*** Begin section ***

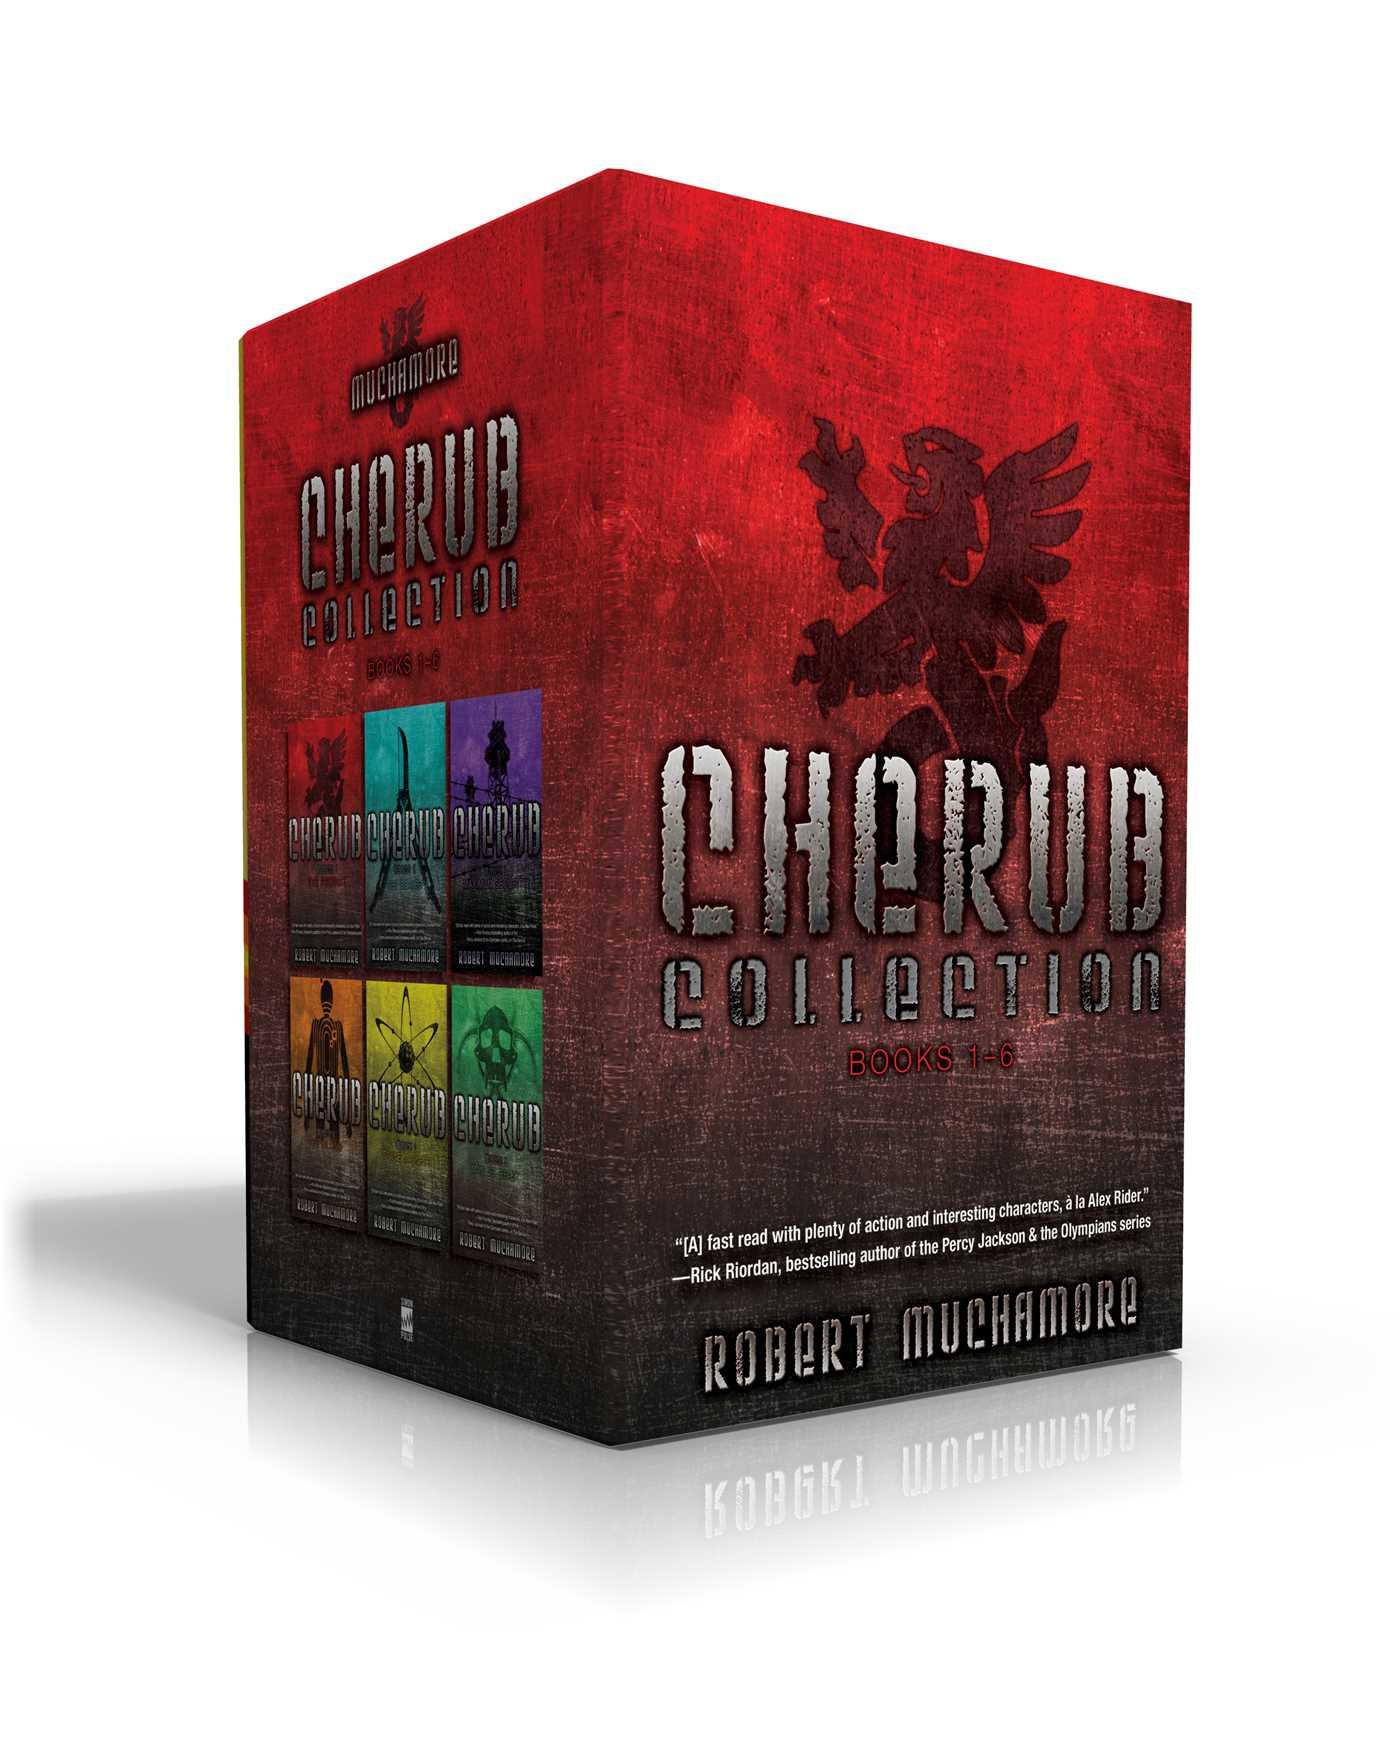 cherub collection books 1 u20136
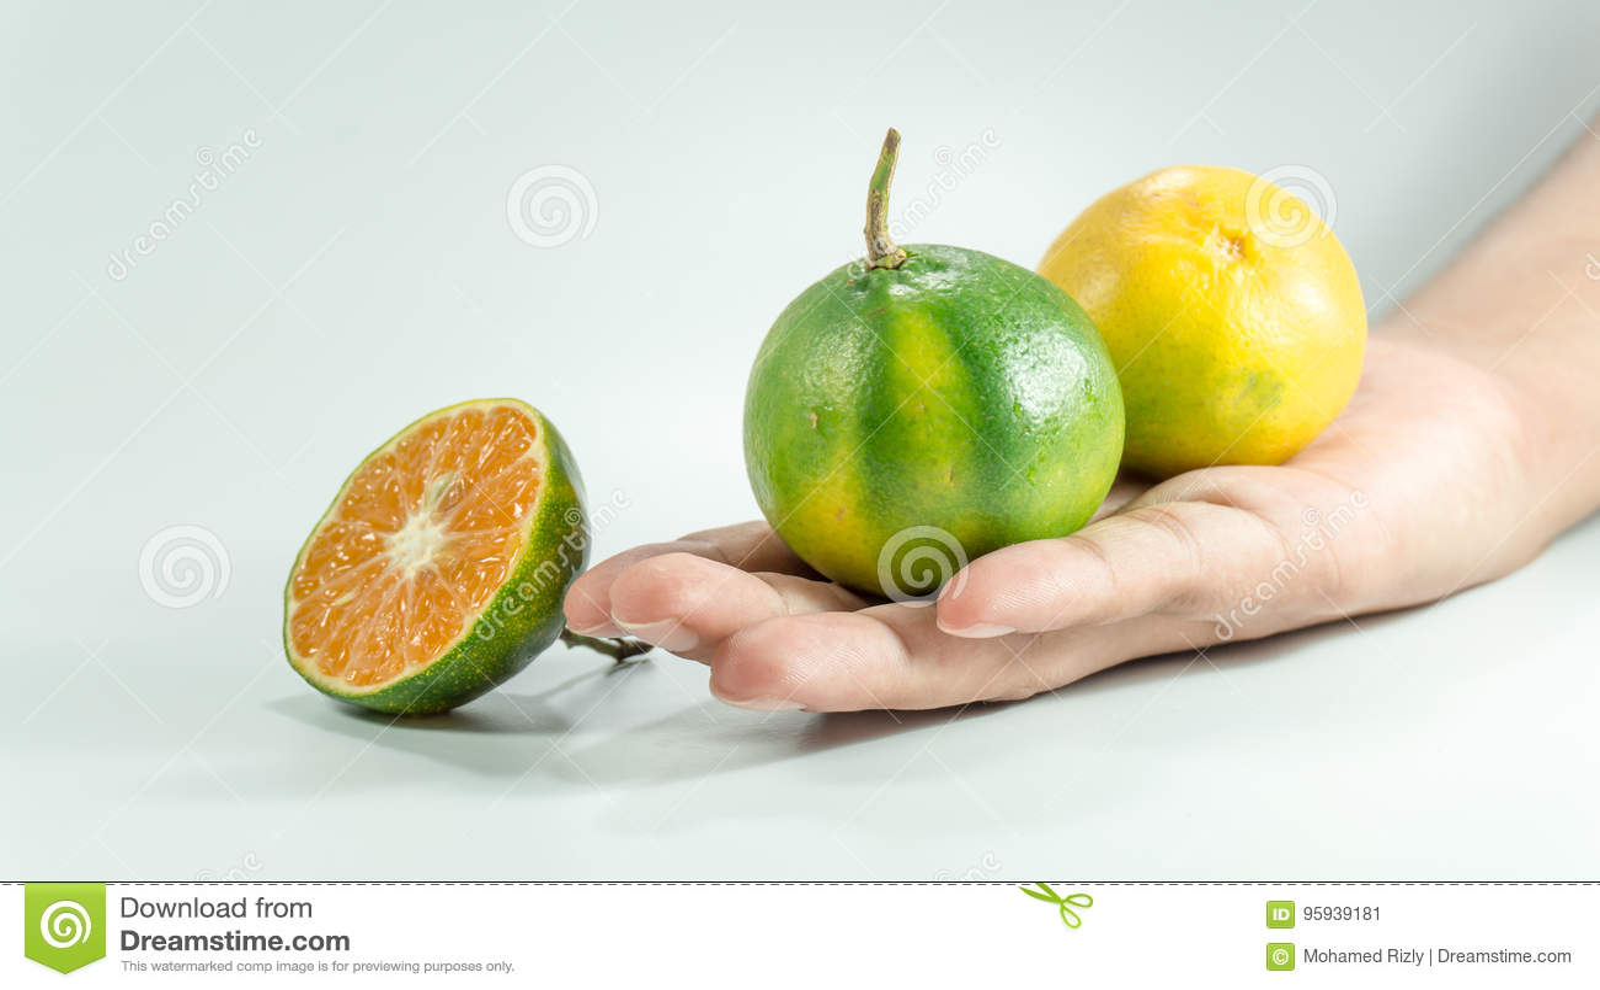 Sliced cube of fresh tangerine and one tangerine on hand.
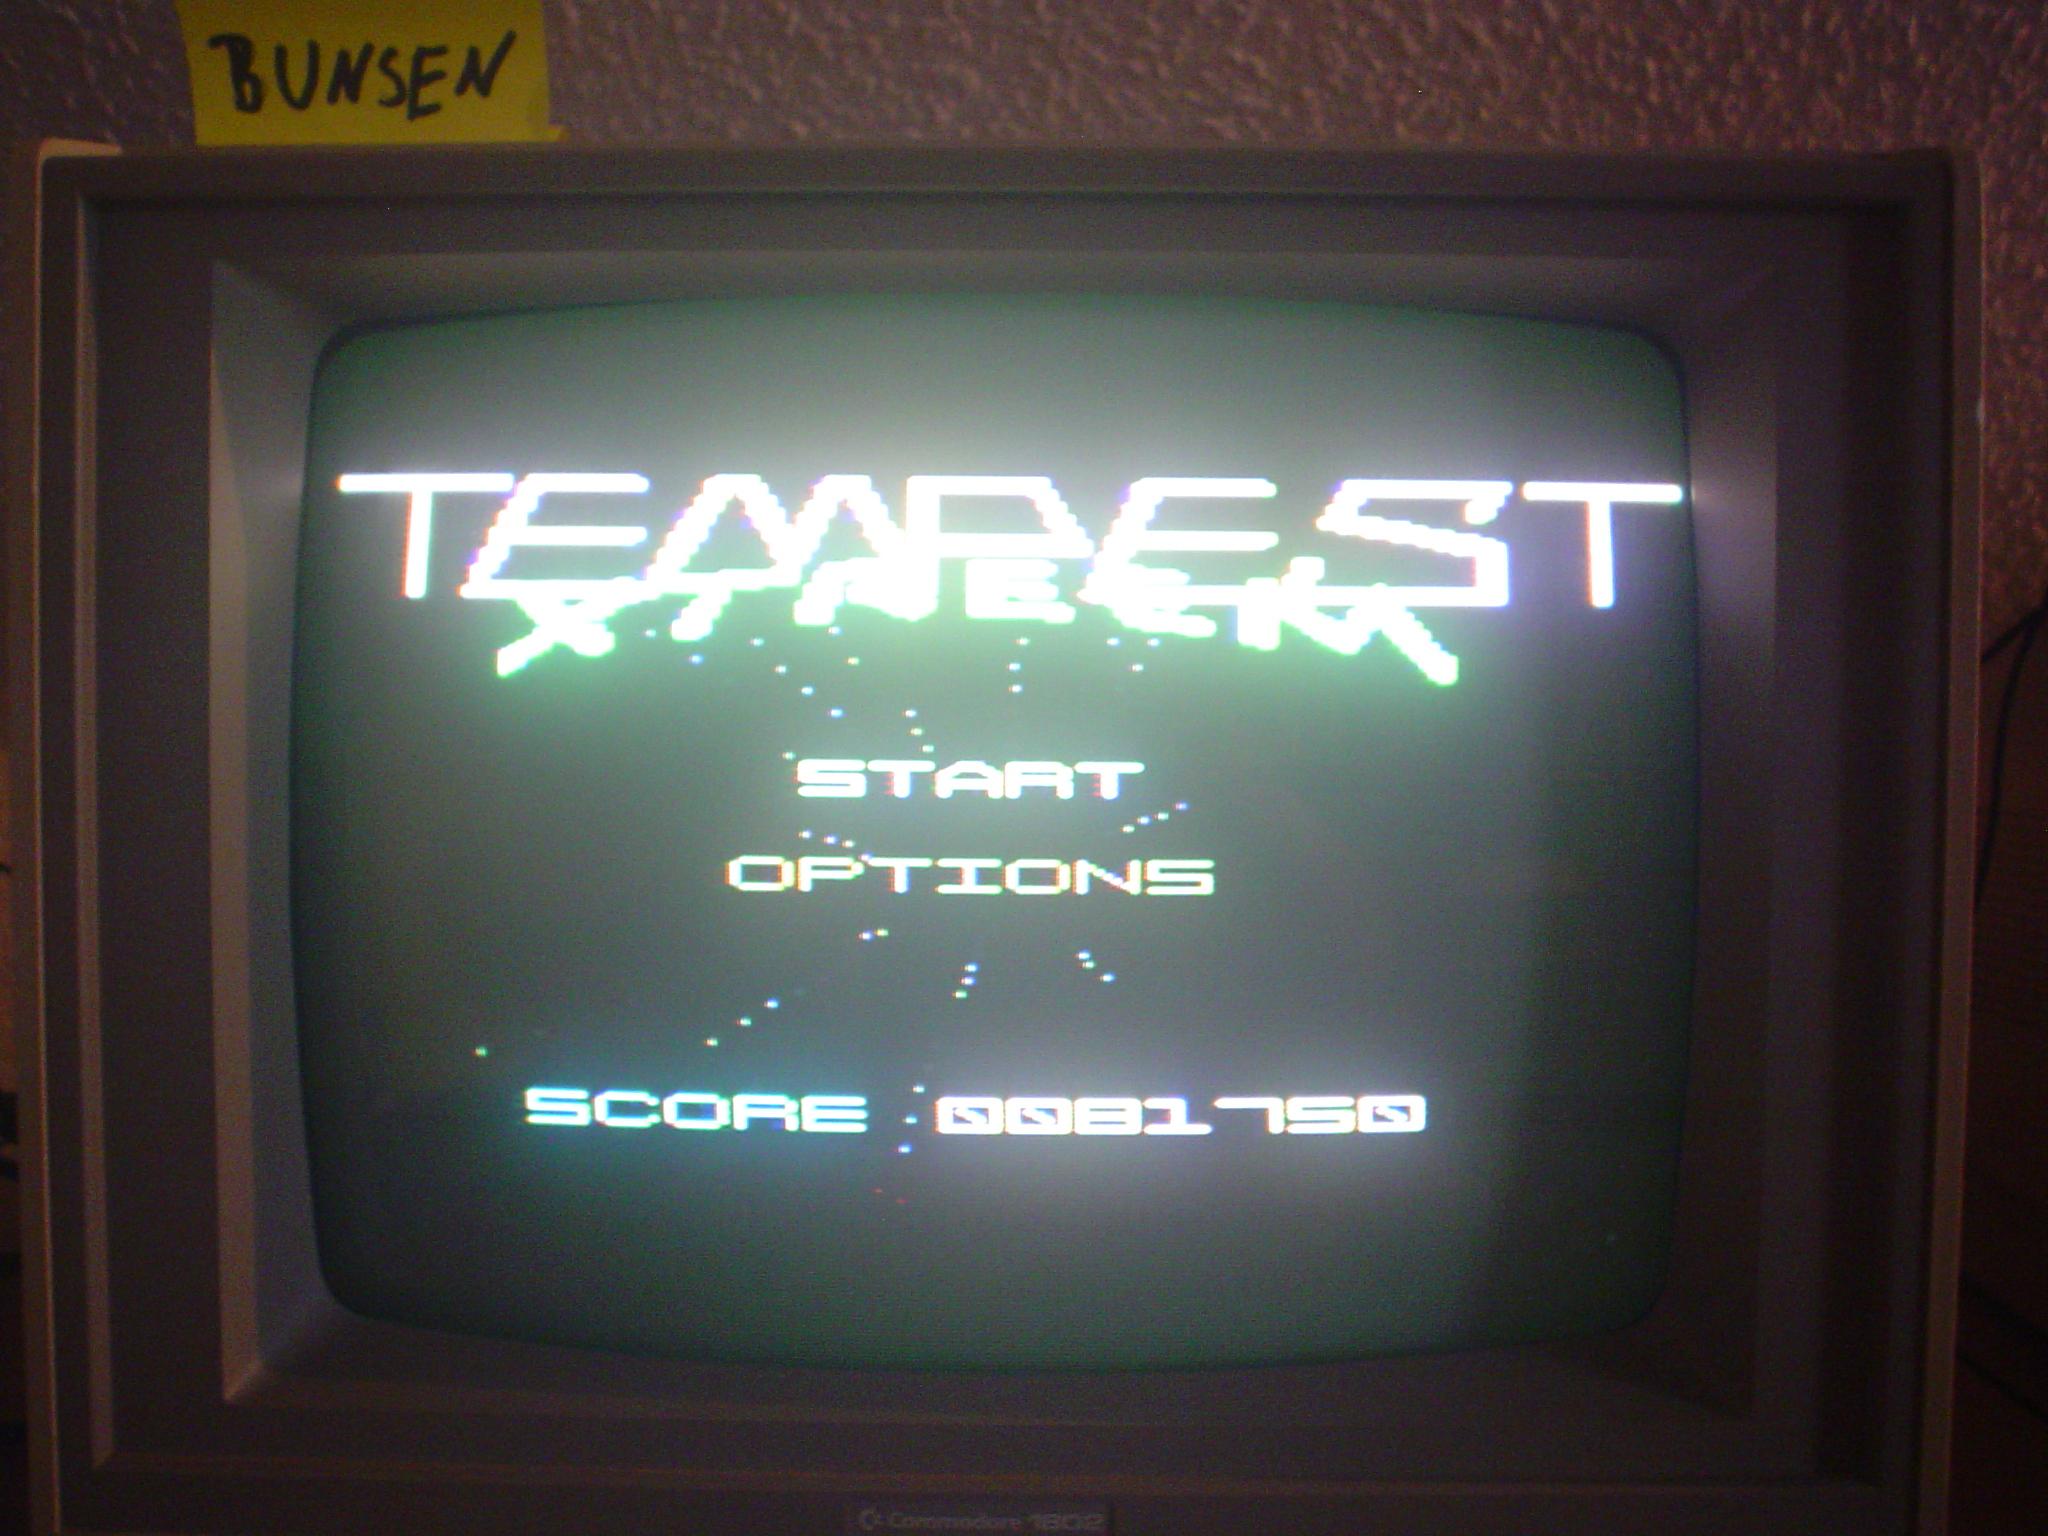 Tempest Xtreem 81,750 points
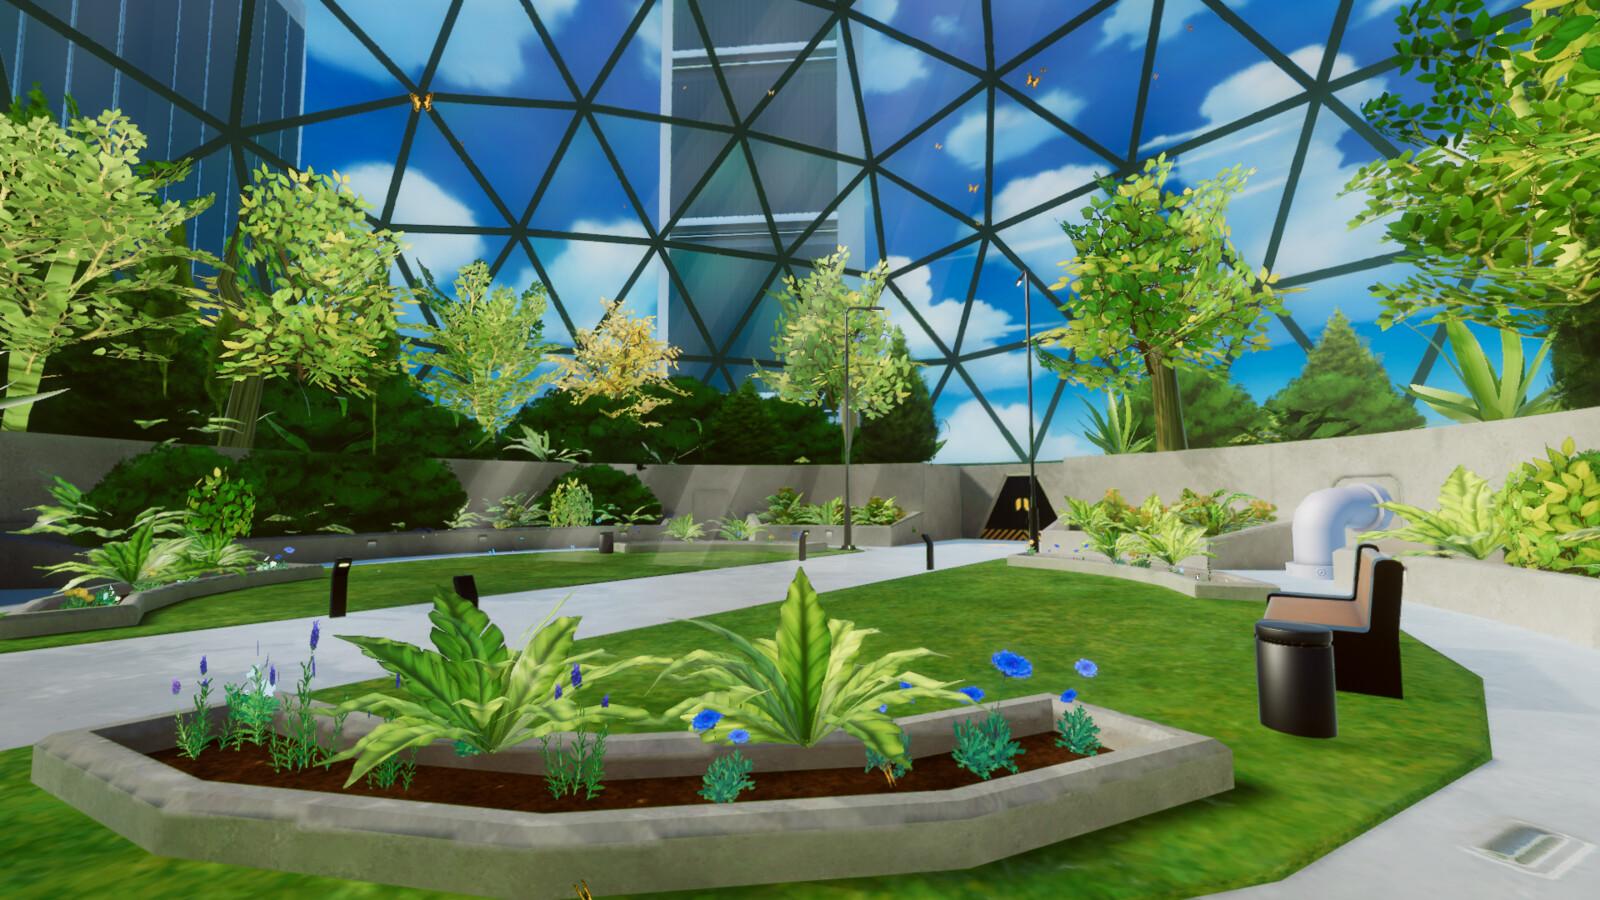 VR mobile stylized enviro dome park 4

*** End section ***

_TASK_
Restate verbatim the lines that begin at the one holding "Tempest Xtreem 81,750 points" and end at the last line of the material. Exclude pictures.

_RESULT FOR THIS TASK_
 Tempest Xtreem 81,750 points
 VR mobile stylized enviro dome park 4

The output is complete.